Light-induced synthesis of Highly stable CsPbCl3:Mn2+@mSiO2 nanocomposites for white Light-Emitting Diodes

Abstract

All-inorganic perovskite nanocrystals (NCs) exhibit great promise in optoelectronics and photovoltaics. However, their intrinsic low-thermal/oxygen/moisture stability and the rigorous synthesis procedures have limited the practical applications. Here, we present a facile, one-step, light-induced method to synthesize CsPbCl3:Mn2+ NCs at room temperature by using carbon tetrachloride (CCl4) as the halide source. The corresponding formation mechanism of CsPbCl3:Mn2+ NCs is revealed, where CsPbCl3:Mn2+ NCs are formed through the direct incorporation of [MnCl6]4− octahedral into the perovskite lattice during the nucleation and growth process. Additionally, we demonstrate the in-situ growth of CsPbCl3:Mn2+ NCs within mesoporous silica (mSiO2) spheres to form CsPbCl3:Mn2+@mSiO2 nanocomposites via the light-induced method, resulting in a remarkable improvement in high-temperature and long-time stability.

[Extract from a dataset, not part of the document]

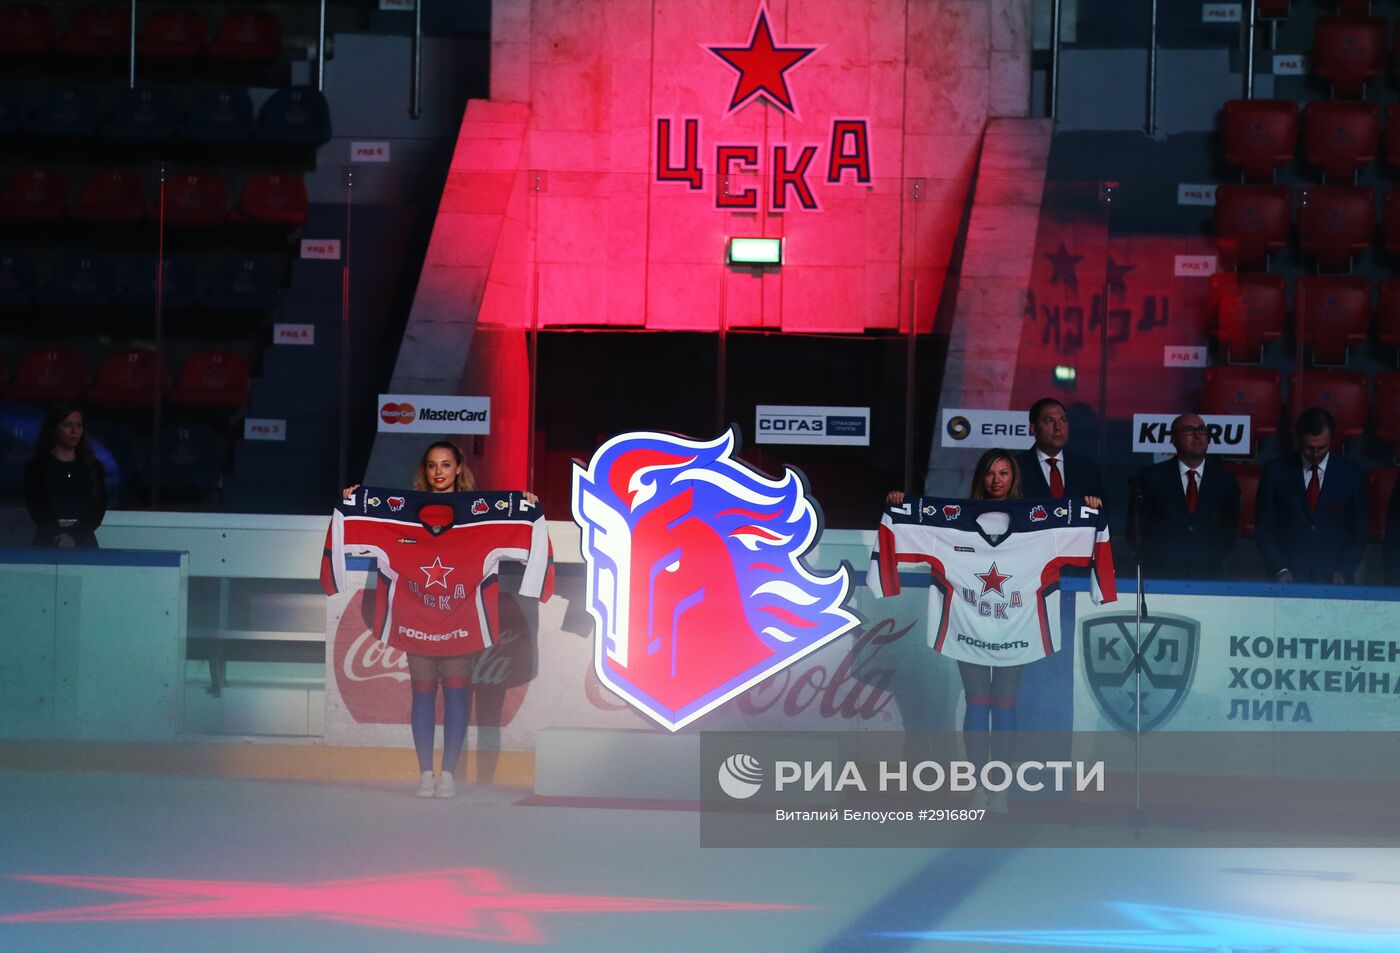 Хоккей. Презентация ПХК ЦСКА сезона 2016/17
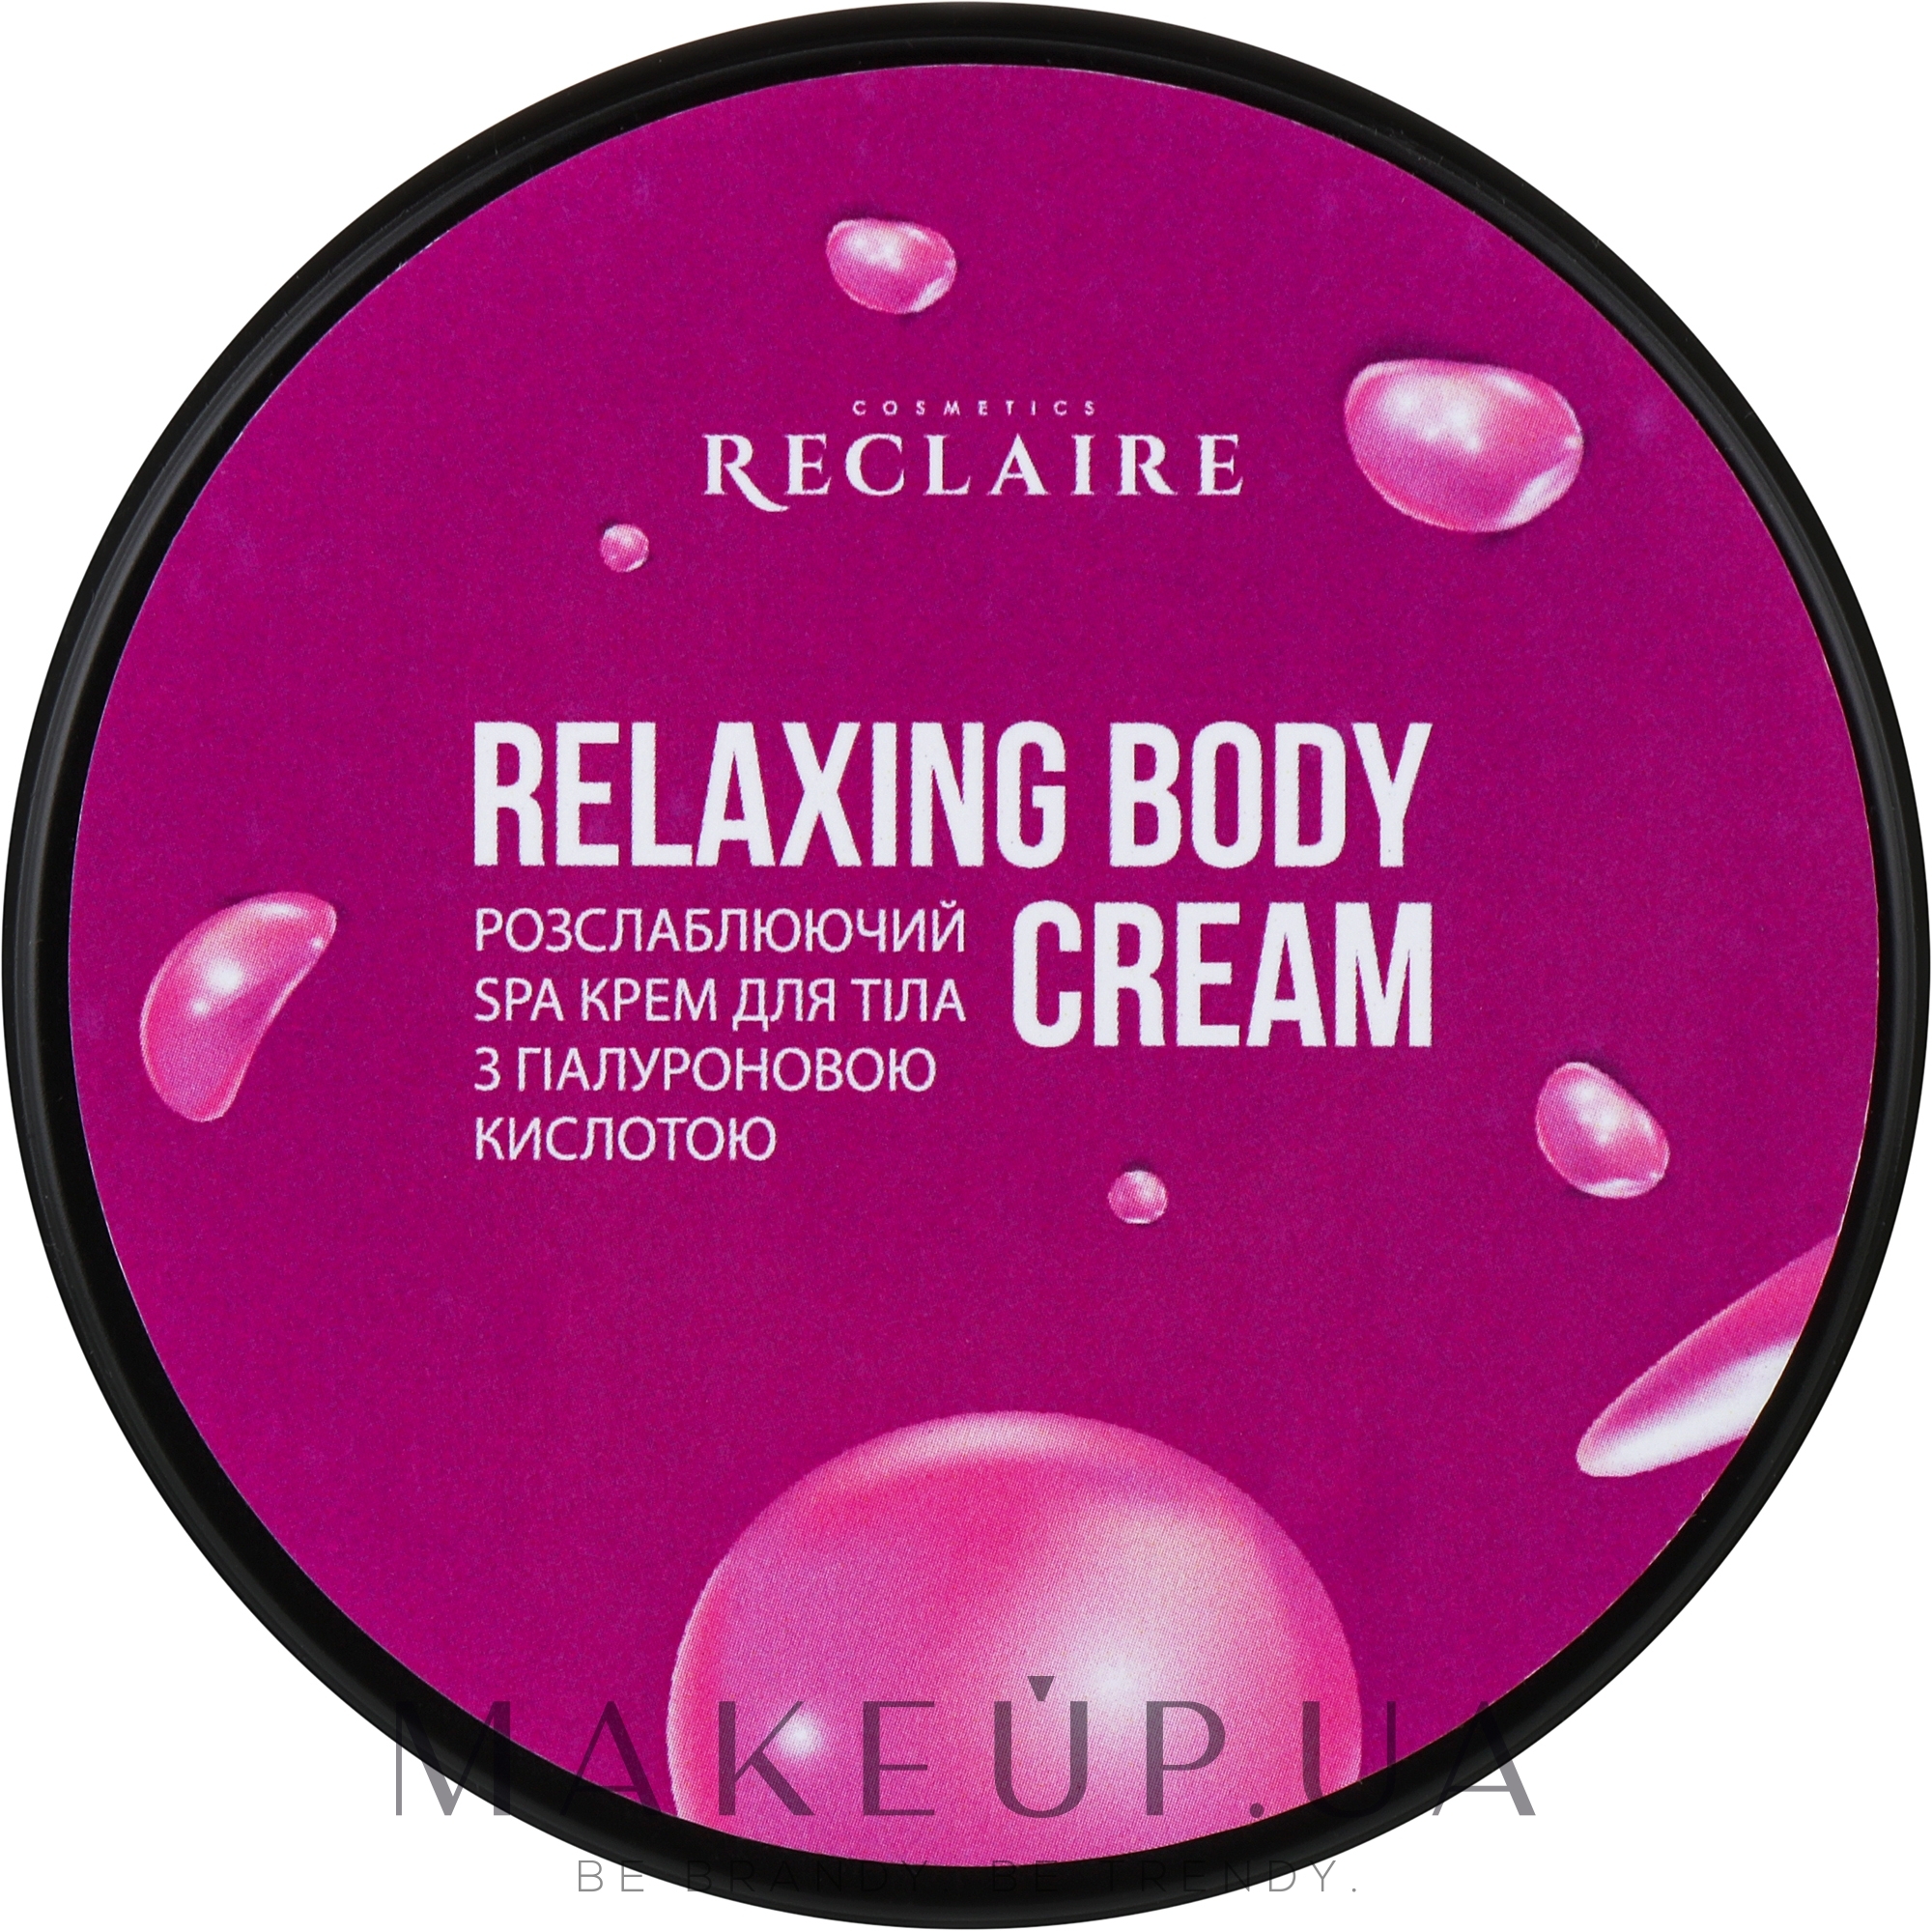 Розслаблюючий Spa крем для тіла з гіалуроновою кислотою - Reclaire Relaxing Body Cream — фото 200ml

As a prototype experiment, a white light-emitting diode (WLED) device is constructed using CsPbCl3:Mn2+@mSiO2 nanocomposites, which exhibits a bright white-light emission with the CIE chromaticity coordinate of (0.352, 0.340). It is anticipated that light-induced synthesis method provides a straightforward strategy for synthesizing multifunctional halide perovskite nanocrystals and nanocomposites for versatile applications.